3980 Honors Research. 1 to 3 hours. Prerequisite: admission to Honors Program. May be repeated; maximum credit six hours. Provides an opportunity for the gifted honors candidate to work on a special project in the student's field. (F, Sp, Su)
G4113 Analysis of Electrical Transmission. Prerequisite: 3113. Transmission and distribution of electrical energy, particularly addressing electrical transmission systems in the competitive energy market. (F)
4213 Digital Signal Processing (Slashlisted with 5213). Prerequisite: 3793. Discrete-time linear systems, finite duration impulse response digital filters, infinite impulse response digital filters, finite word length effects, spectral analysis, fast Fourier-transforms, two-dimensional signal processing and applications. No student may earn credit for both 4213 and 5213. (F)
†G4273 Digital Design Laboratory. Prerequisite: 3223, 3872. Design of digital systems with integrated circuits and MSI/LSI and microprocessor interfacing. Laboratory (F, Sp)
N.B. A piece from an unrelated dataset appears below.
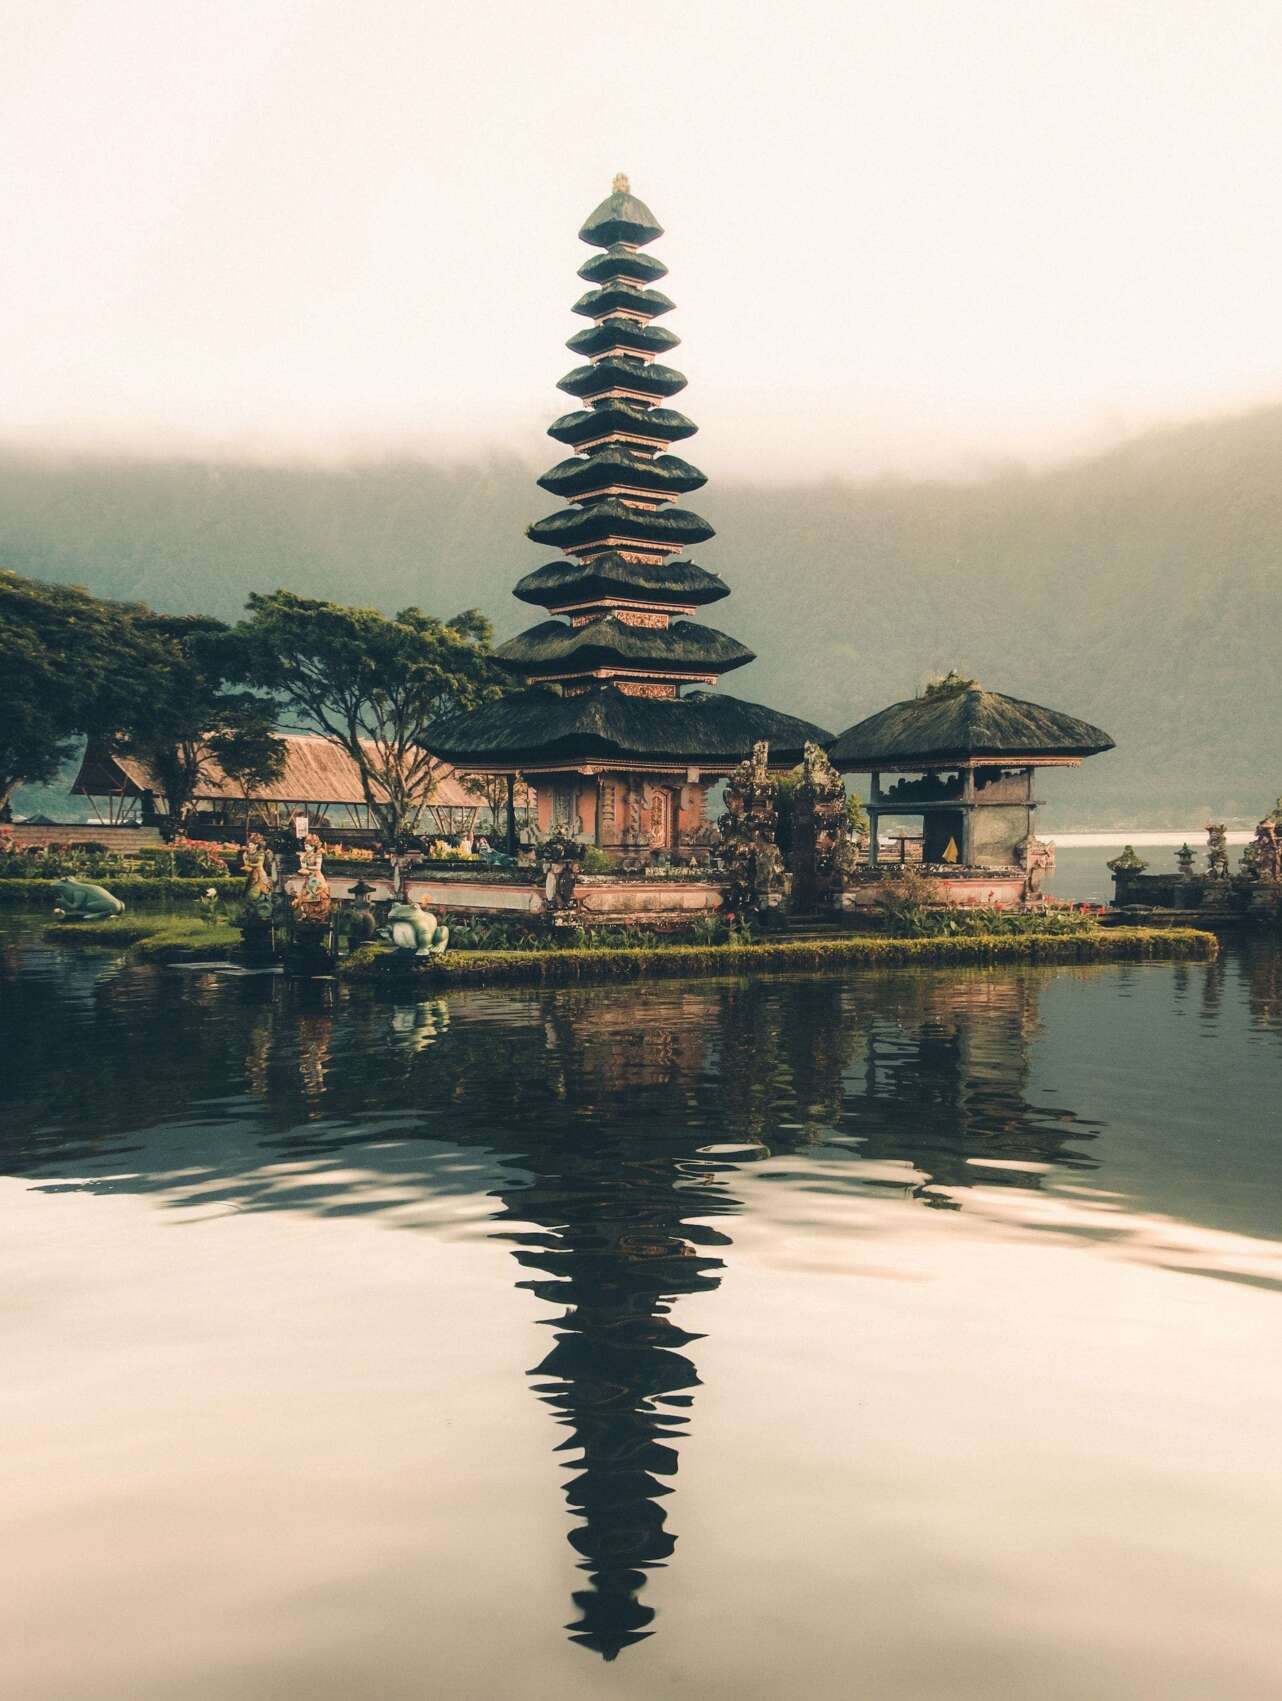 Bali, Indonesia. Foto Aron Visuals Unsplash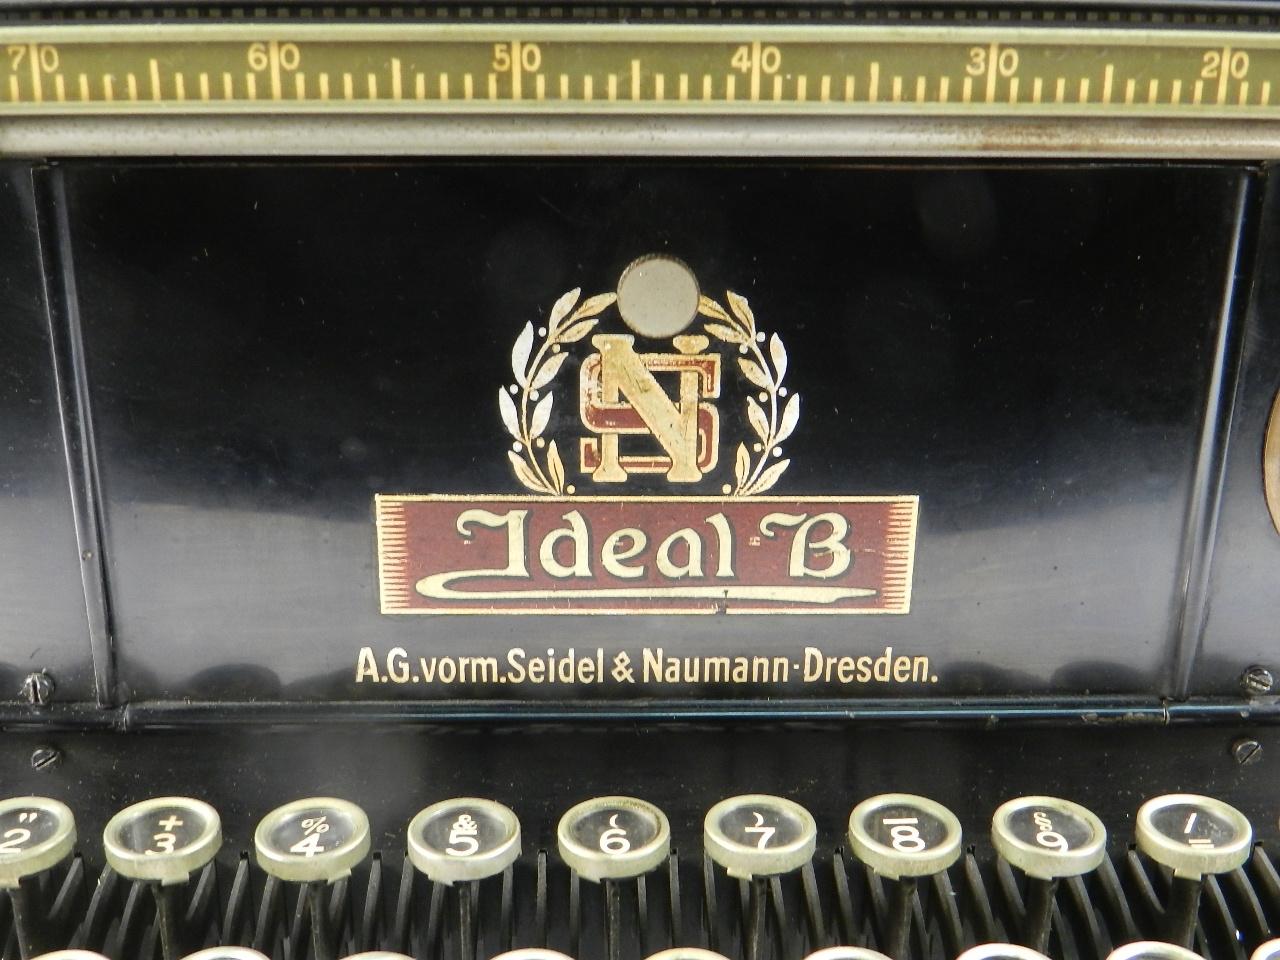 Imagen IDEAL B  AÑO 1913 33310

4383 Integrated Circuit Fabrication Technology (Slashlisted with 5383). Prerequisite: 3323. A treatment of the theory and processes involved in the fabrication of integrated circuits. No student may earn credit for both 4383 and 5383. (F)
G4413 Introduction to Control System Engineering. Prerequisite: 3793. Analysis and synthesis of control systems; control systems performance and applications. (F)
G4523 Introduction to Communication Theory. Prerequisite: 3793. An introductory treatment of statistical communication theory; description of a random process by auto-correlation and power spectral density functions, sources and properties of electrical noise, the effects of modulation, detection and filtering on signal information content, bandwidth and signal-to-noise ratio. (Sp)
G4613 Computer Architecture (Crosslisted with Computer Science 4613). Prerequisite: 3223 or Computer Science 2613. Covers basic concepts of computer system design and communication between components, along with current and historical examples of computer architecture. (F, Sp)
4623 Computer Hardware Design (Slashlisted with 5623). Prerequisite: 3223. Design of modern digital computing circuits, computer arithmetic, number systems, state machines, control units, data transfer, bus interfacing, VHDL language elements and usage, circuit simulation. No student may earn credit for both 4623 and 5623. (F)
4663 Radar Engineering (Slashlisted with 5663; Crosslisted with Meteorology 4663). Prerequisite: Grade of C or better in Electrical and Computer Sciences 3613, or permission. Introduction to radar system designs and applications with emphasis on weather radar; radar system architecture and their functionalities and limitations of subsystems; Theories of radar detection and estimation in a noisy and cluttered environment; existing technologies and advanced techniques to improve radar performance. No student may earn credit in both 4663 and 5663. (F)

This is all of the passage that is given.